Jael cursed the fog. She'd have to get closer to her targets than she preferred. No matter. The mission had to be completed. She pushed on through the brush, grateful the fog thinned some as the woods grew denser.
Her lungs burned again from the cigarettes, and her head spun bright from a lack of sleep. But the new patch was doing its job. And doubling up on the pills had rounded off most of the jagged edges of her anger and brought the usual rock-steadiness back to her hands, her eyes, and her thoughts. The old doctor who worked for the General had been adjusting her dosage continuously over the past six months and told her that was a natural thing and not to worry about it. She'd have to tell him she needed another adjustment.

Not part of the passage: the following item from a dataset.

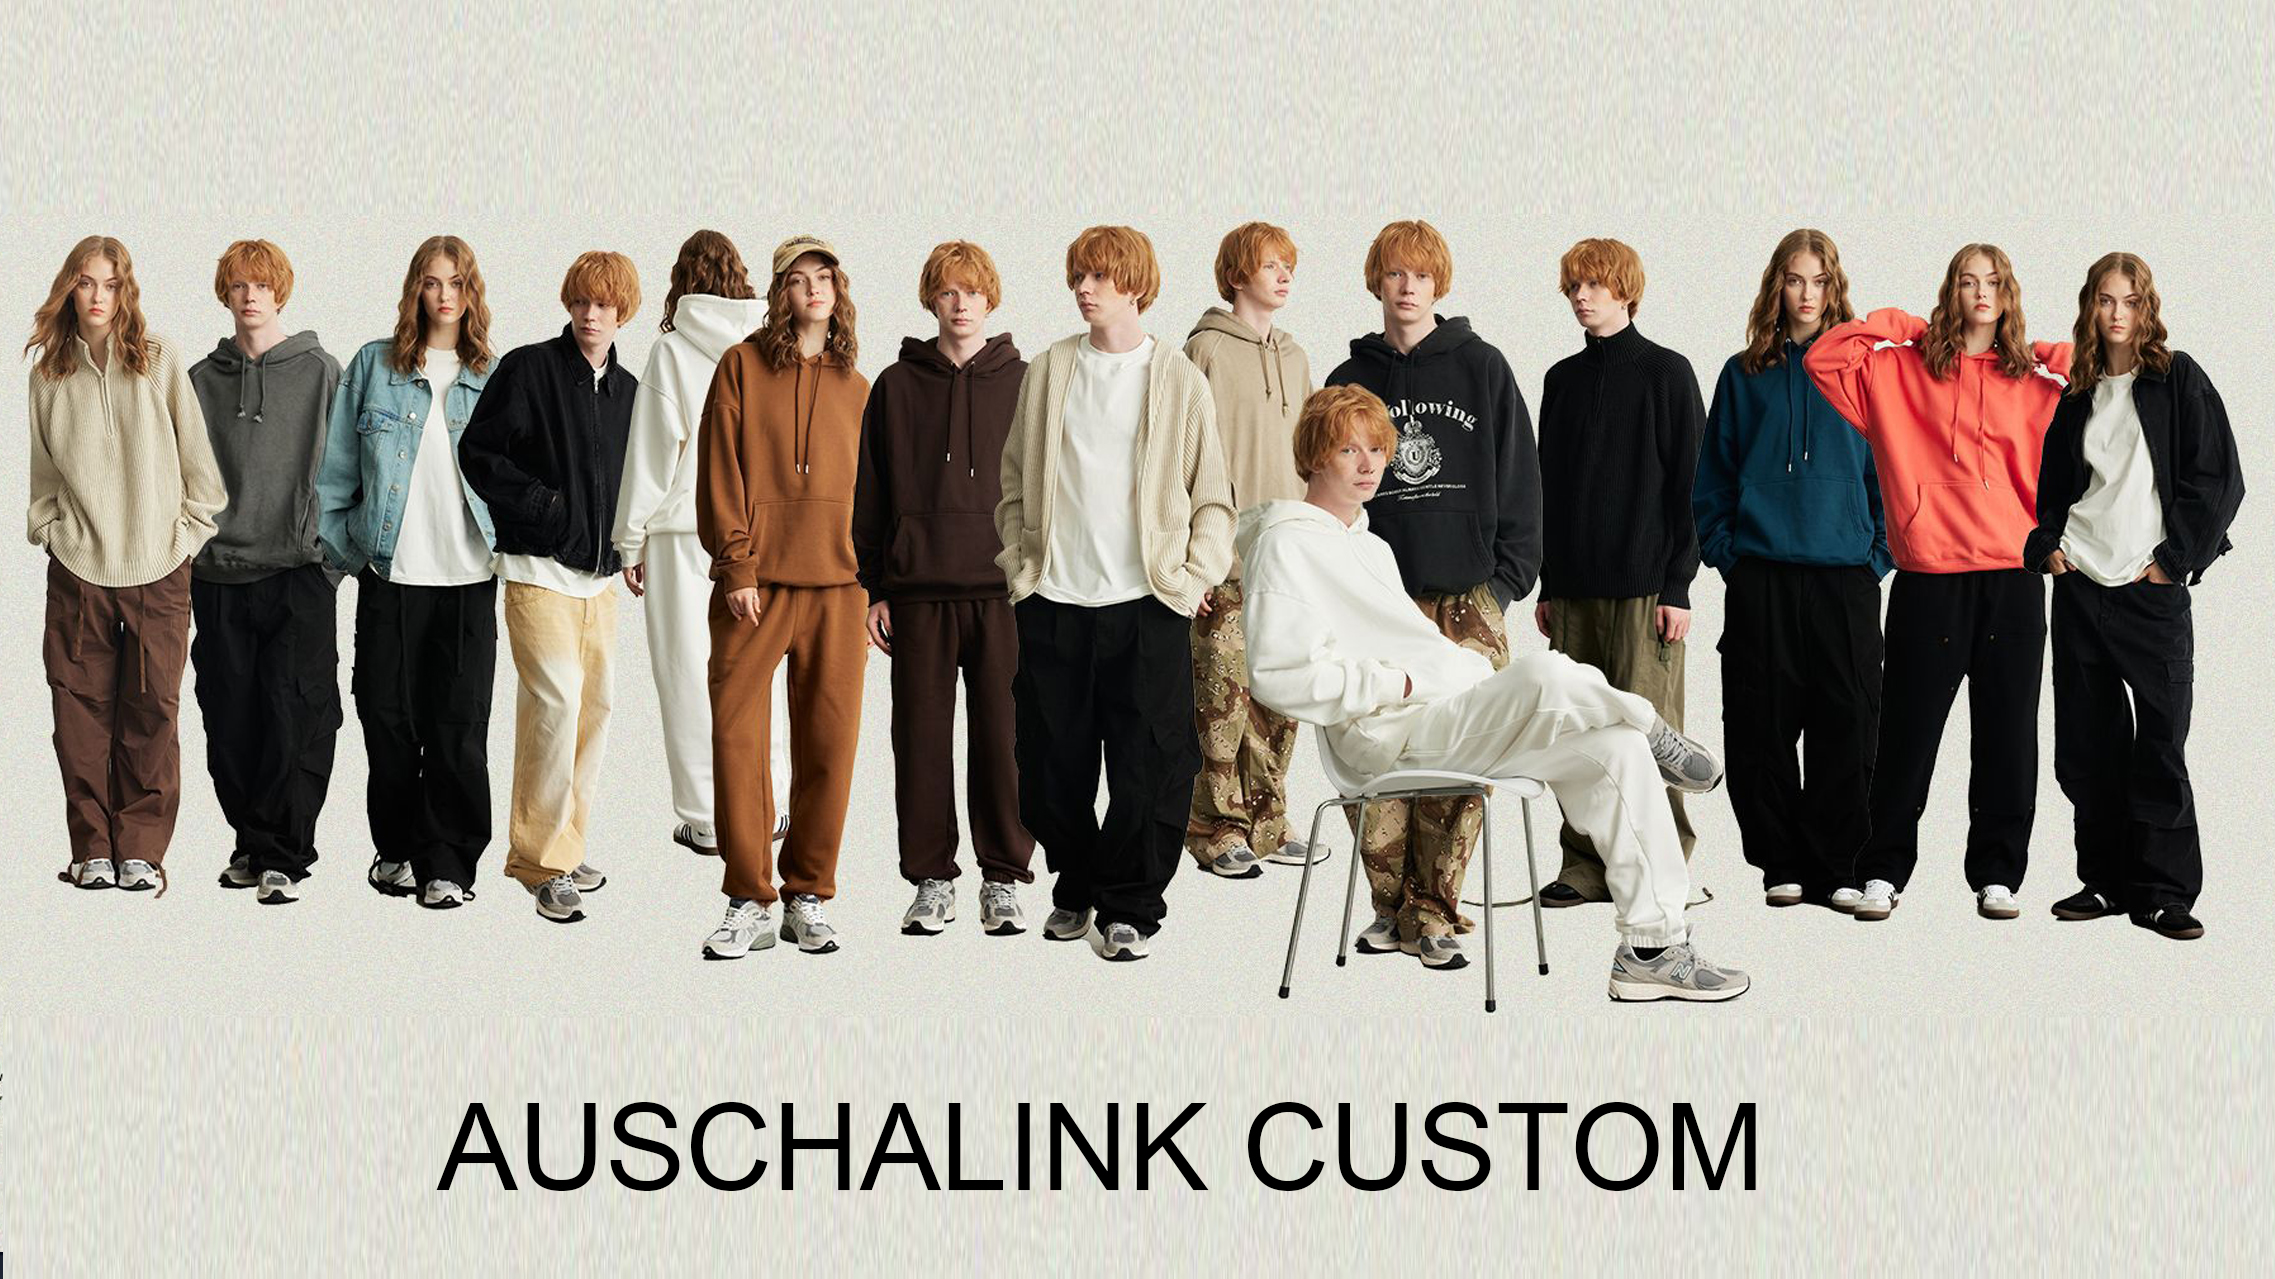 Дэлгүүрийнхээ цамцны HOODIE-г тохируулахын тулд яагаад Auschalink үйлдвэрлэгчийг сонгох хэрэгтэй вэ?

Jael made her way across the soggy ground thatched with knee-high grasses and saplings, perfect cover for quail and copperheads. She'd already flushed one covey, but snakes didn't concern her. A symphony of
birdsongs, mockingbirds, the screeches of jays, filled the morning. Then
the sound of Quincy Thompson's car growing louder again, coming
from the cabin area.
She knelt low in the bushes and unslung the M21, flipped open the Leupold's covers, and sighted in. Through the hazy shroud of fog, she made out an angry black face. She tracked the face as it drew abreast, then headed off in the distance.

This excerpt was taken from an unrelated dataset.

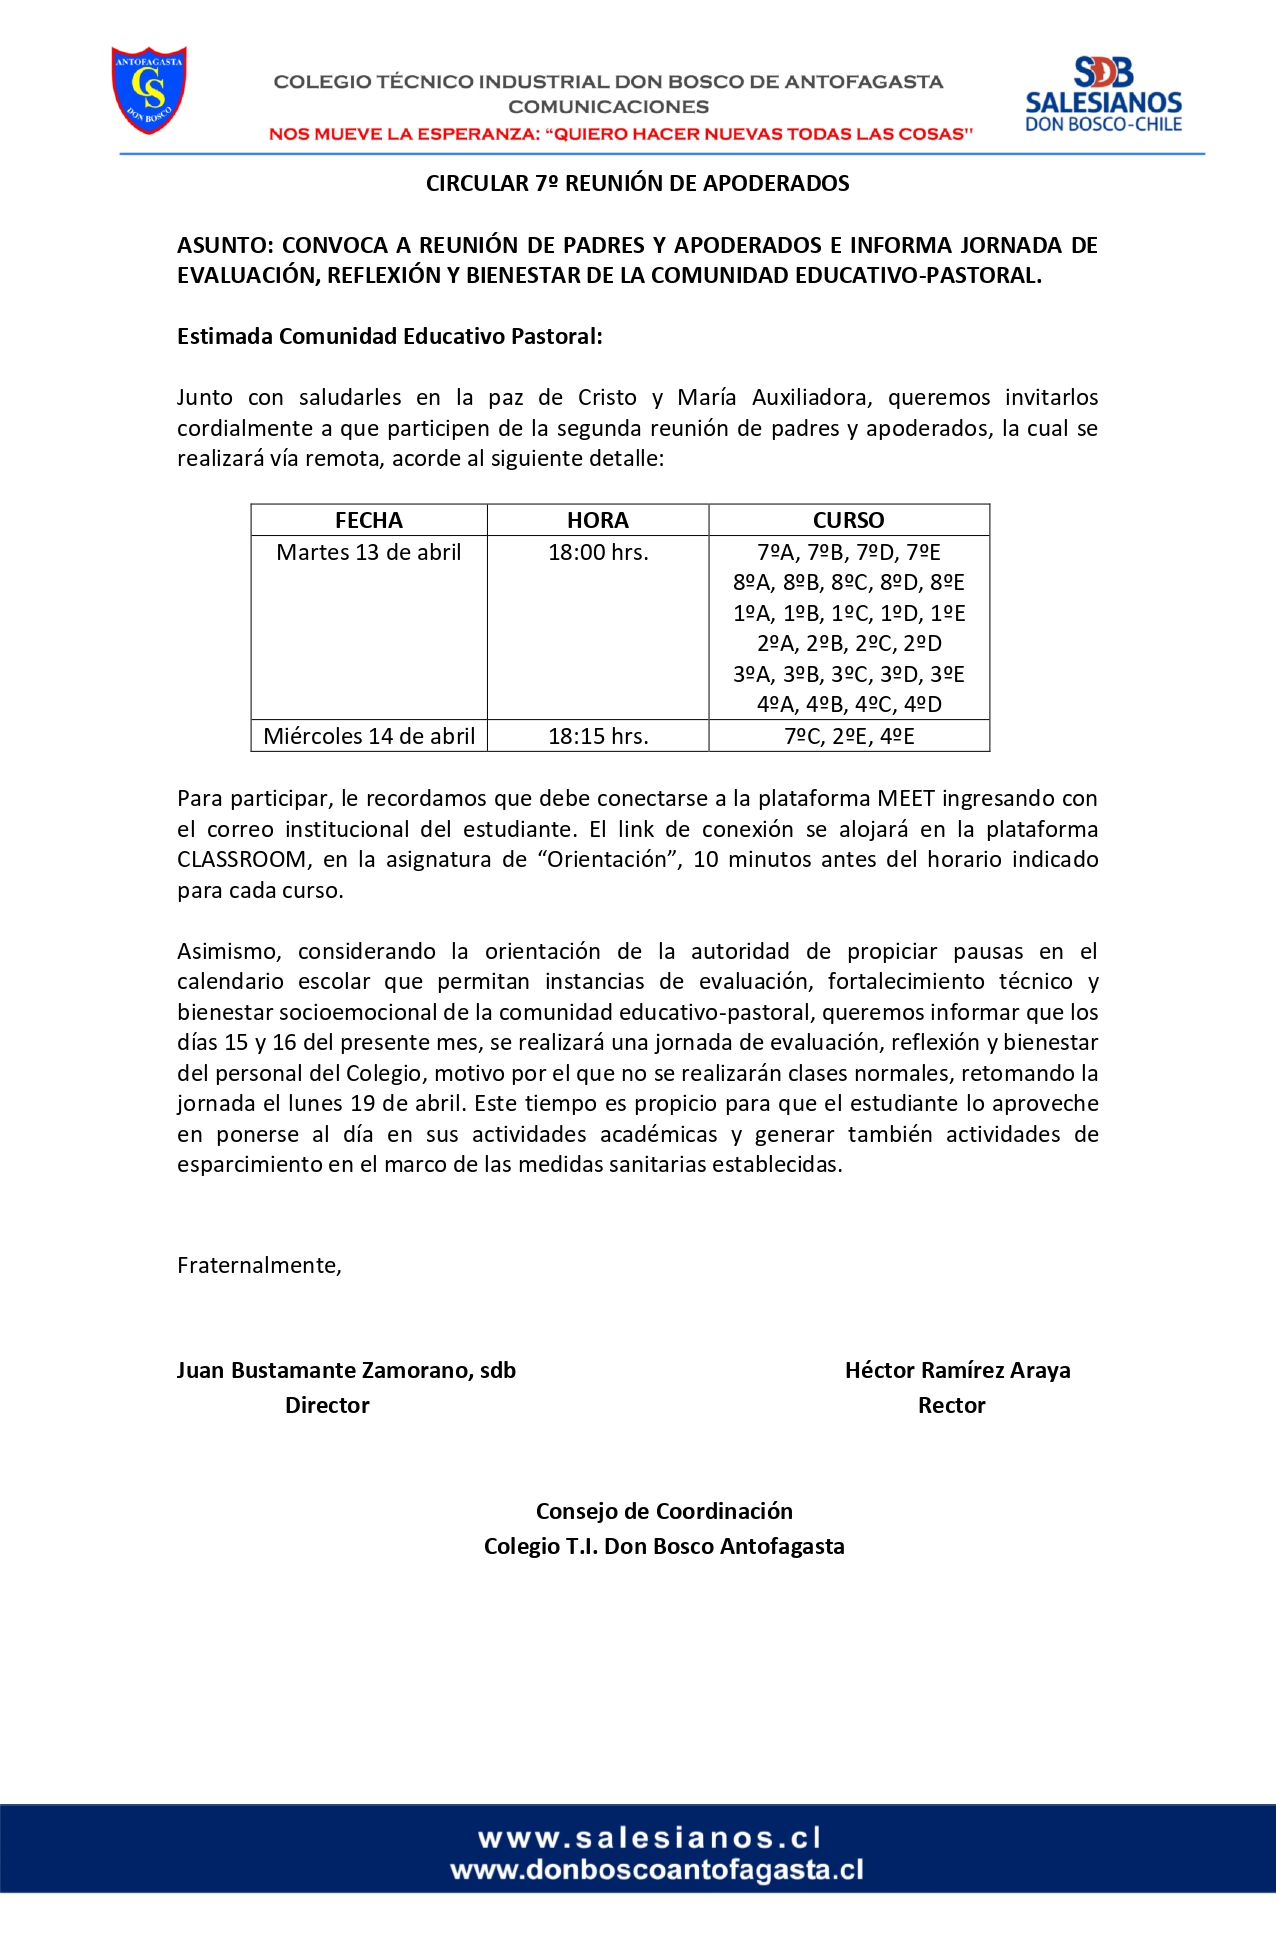 CIRCULAR Nº7 INFORMA REUNIÓN DE PADRES Y APODERADOS 13 DE ABRIL DE 2021 page 0001

"Bang," she said softly as she closed the sight covers and reslung the M21. She stopped for a moment and concentrated her mind on hearing. She'd heard faint rustles since leaving her SUV. But it lacked any sort of pattern connected to danger. The woods here were filled with birds, deer, possums, raccoons, and every other manner of woodland creature. That's what she heard now as she filtered through the chatter of the trees and brush.

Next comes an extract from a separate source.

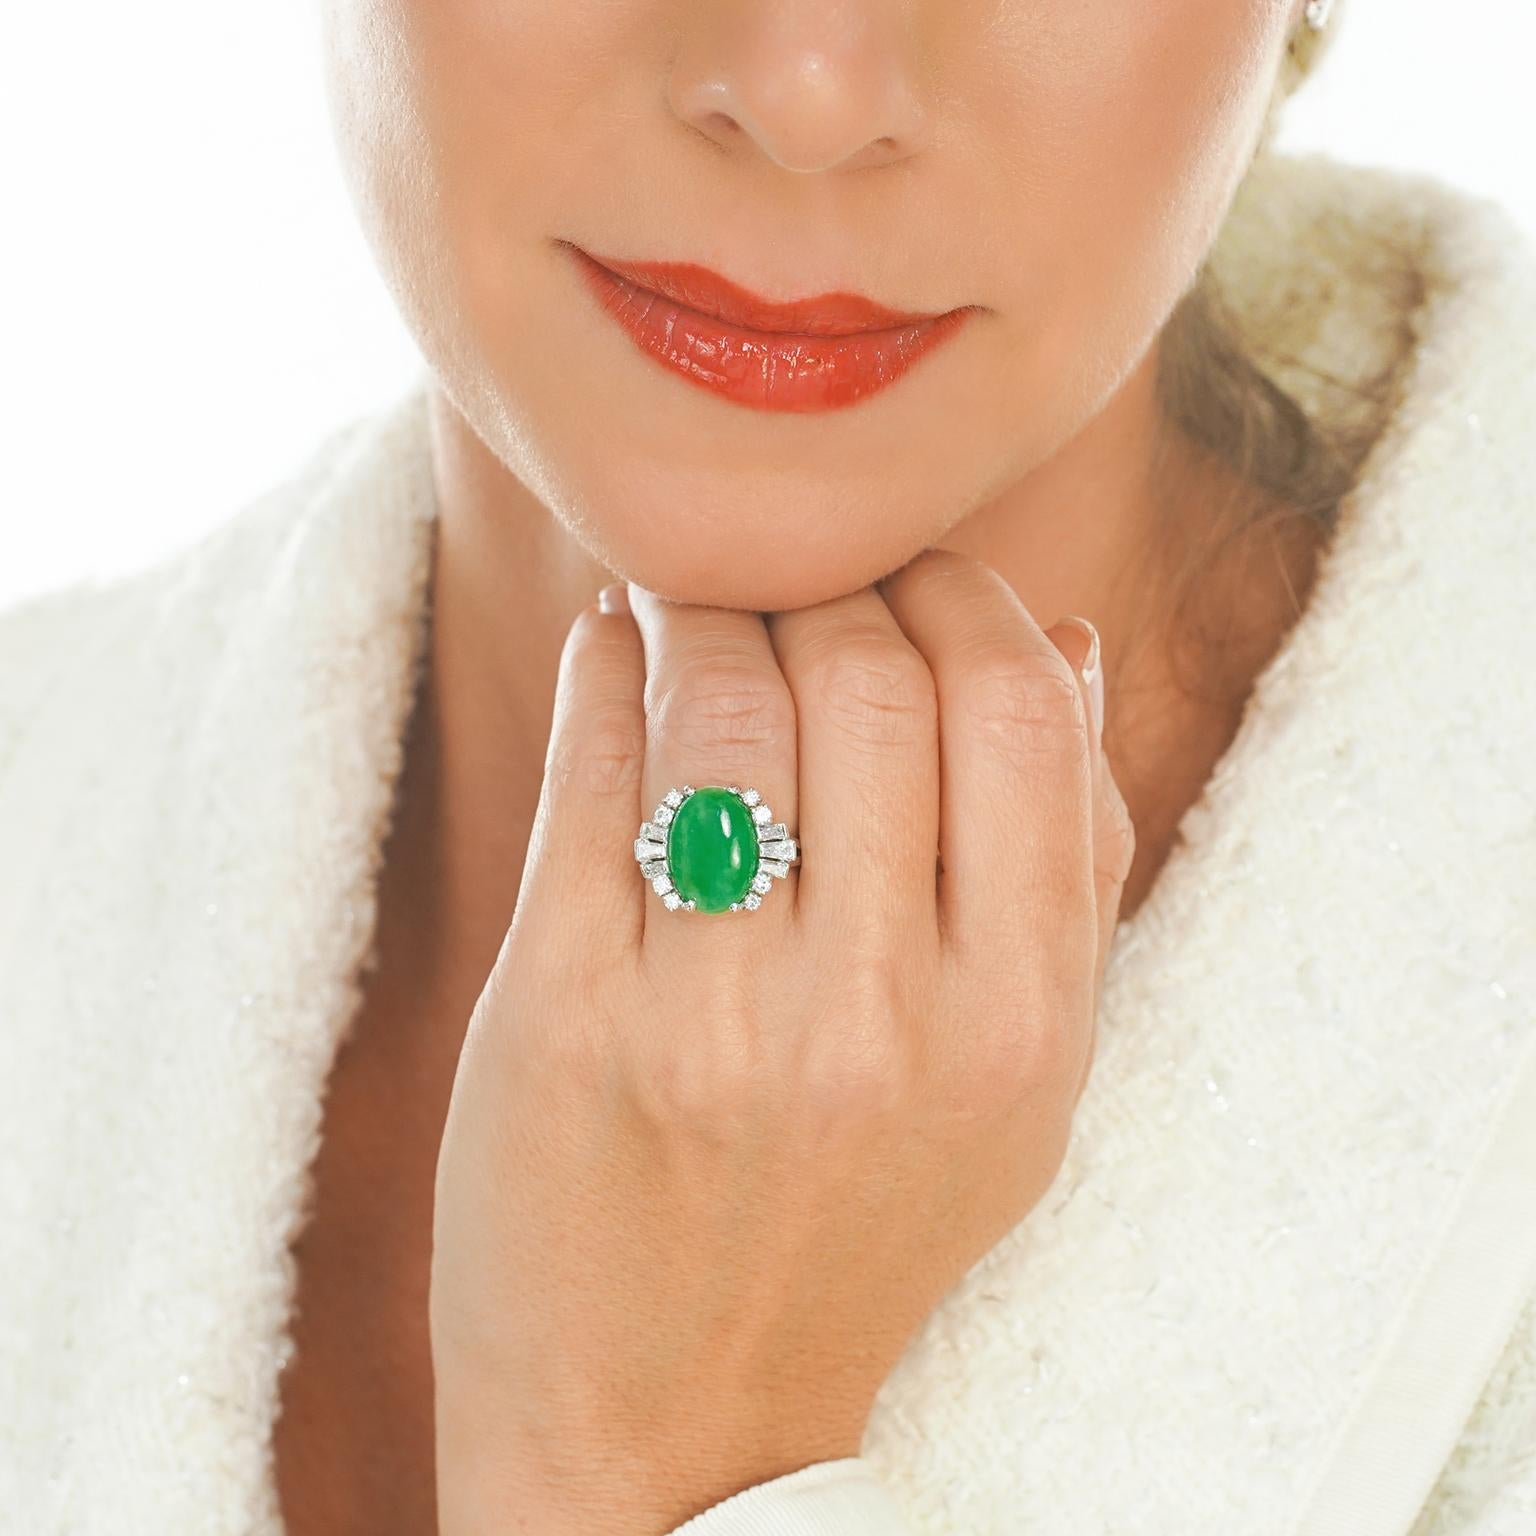 Circa 1950s, Platinum, by F&F Felger, Newark, NJ, American. Cette sublime bague en platine des années 50 présente des diamants blancs brillants (couleur G, pureté VS) entourant un superbe cabochon de jade vert naturel. N'utilisant que les meilleurs

Finally, she opened her eyes and continued on through the woods toward the plot of land and dwelling that had turned up on her Internet search for Quincy Thompson.
CHAPTER 55
Jasmine stood with her back to me, shoulders slumped, staring down at the pink sheet of paper. The fading sound of Quincy's car left us holding on to a brittle silence filled with ancient hurt and modern pain. I wanted to reach out, but Quincy's insults made me second-guess my own motives.